You can sort the SkillTable by any of its columns (metrics or identifiers). This is useful for ranking models or observations.

# Sort by RMSE in ascending order
sk_coll_sorted = sk_coll.sort_values('rmse', ascending=True)
sk_coll_sorted

	n	bias	rmse	urmse	mae	cc	si	r2
observation
12l1	121	-0.004083	0.063414	0.063282	0.049679	0.971574	0.305942	0.942928
116l1	121	0.003229	0.068114	0.068037	0.054517	0.991234	0.172594	0.982405

Styling Tables

SkillTable objects integrate with Pandas’ styling capabilities, allowing you to highlight important values, apply color maps, or format numbers for better readability in Jupyter environments.

sk_coll.style()

	n	bias	rmse	urmse	mae	cc	si	r2
observation
116l1	121	0.003	0.068	0.068	0.055	0.991	0.173	0.982
12l1	121	-0.004	0.063	0.063	0.050	0.972	0.306	0.943

Plotting Skills

SkillTable objects have a .plot accessor for quickly visualizing skill scores, such as creating bar charts of metrics.

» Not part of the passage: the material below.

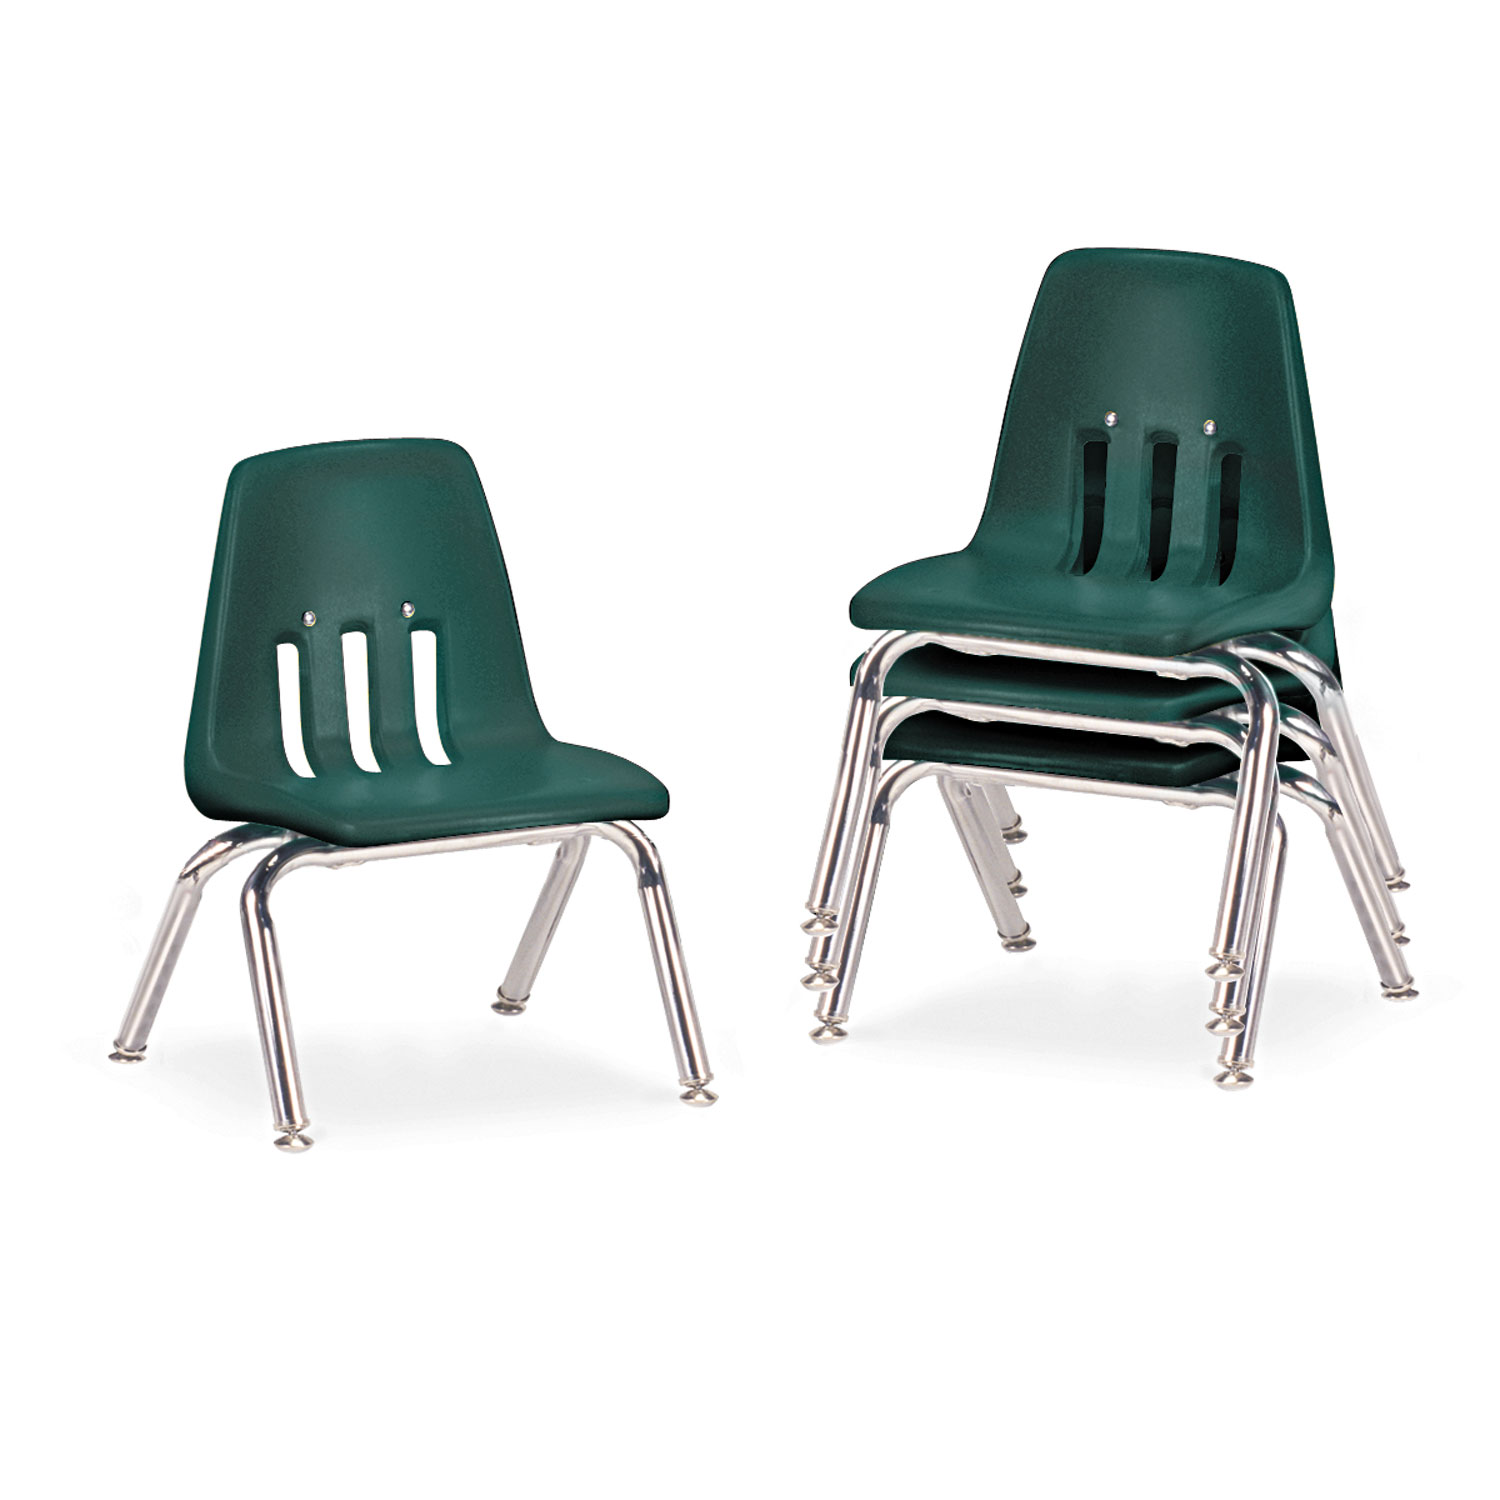 9000 Series Classroom Chairs, 10 Seat Height, Forest Green/Chrome, 4/Carton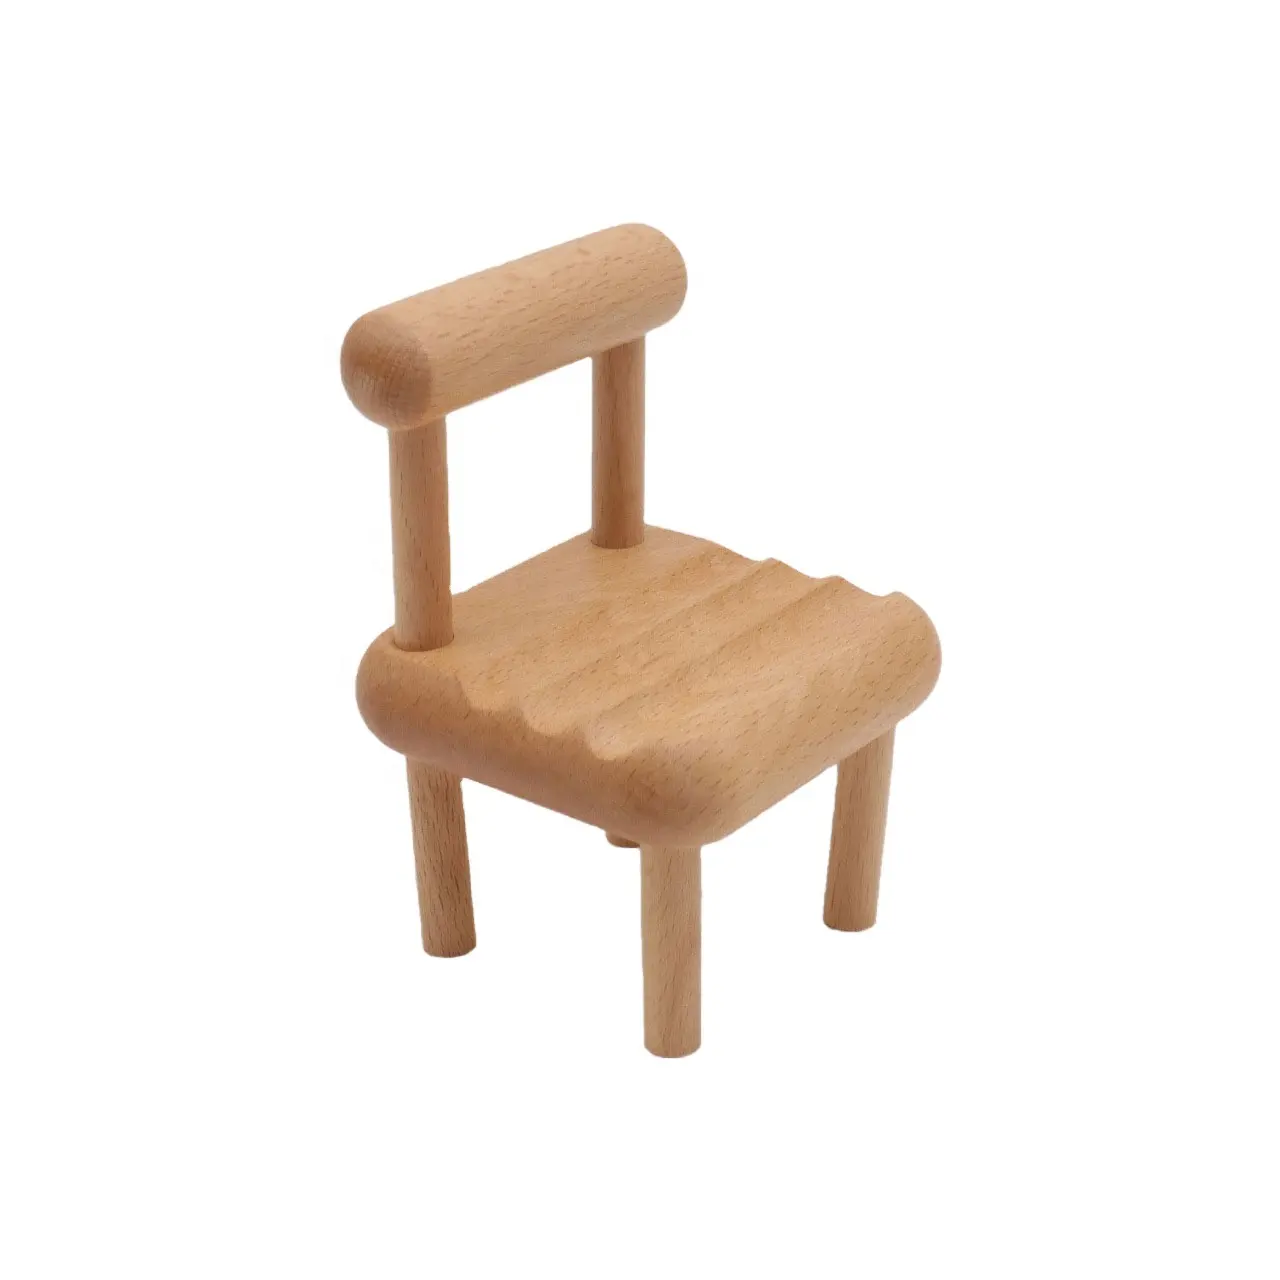 Solid Wood Mobile Phone Holder Beech Chair Mobile Phone Base Creative Mini Chair Small Ornaments Wood Base

# Bar plot of RMSE for each observation point
sk_coll["rmse"].plot.bar()

These are just a few examples. The SkillTable’s .style and .plot accessors offer more customization. Refer to the ModelSkill documentation and Pandas styling documentation for further details.

Useful Skill Metrics

ModelSkill calculates numerous metrics. The choice of metrics depends on your modelling goals. Some useful metrics include:

Bias (bias): Average difference (Modeled - Observed). Ideal: 0.
RMSE (Root Mean Square Error) (rmse): Typical magnitude of error. Ideal: 0.
NSE (Nash-Sutcliffe Efficiency) (nse): Measures the predictive power of the model compared to using the mean of the observed data as the prediction. Ranges from -\(\infty\) to 1. Ideal: 1.
KGE (Kling-Gupta Efficiency) (kge): A composite metric evaluating correlation, bias, and variability components. Ranges from -\(\infty\) to 1. Ideal: 1.
Willmott’s Index of Agreement (willmott): Measures the degree of model prediction error, standardized by observed variability. Ranges from 0 to 1. Ideal: 1.
Peak Ratio (pr): Ratio of the maximum modeled value to the maximum observed value over the matched time period. Ideal: 1.0.

You can change the default list of metrics that are used by skill() and mean_skill() as follows:

ms.set_option("metrics.list", ['bias', 'rmse', 'nse', 'kge', 'willmott', 'pr'])
cc.skill()

	n	bias	rmse	nse	kge	willmott	pr
observation
116l1	121	0.003229	0.068114	0.982405	0.977502	0.995498	0.944704
12l1	121	-0.004083	0.063414	0.942928	0.932798	0.984693	0.891797

Note

Reset to default values with ms.reset_option("metrics.list").

For a comprehensive list of all available metrics and their precise definitions, please refer to the official ModelSkill API documentation for metrics.

Adding Custom Metrics

ModelSkill’s metrics are extensible. You can define and use your own custom skill score functions if needed. If you believe a metric would be broadly useful, consider suggesting it for inclusion in ModelSkill via a GitHub issue.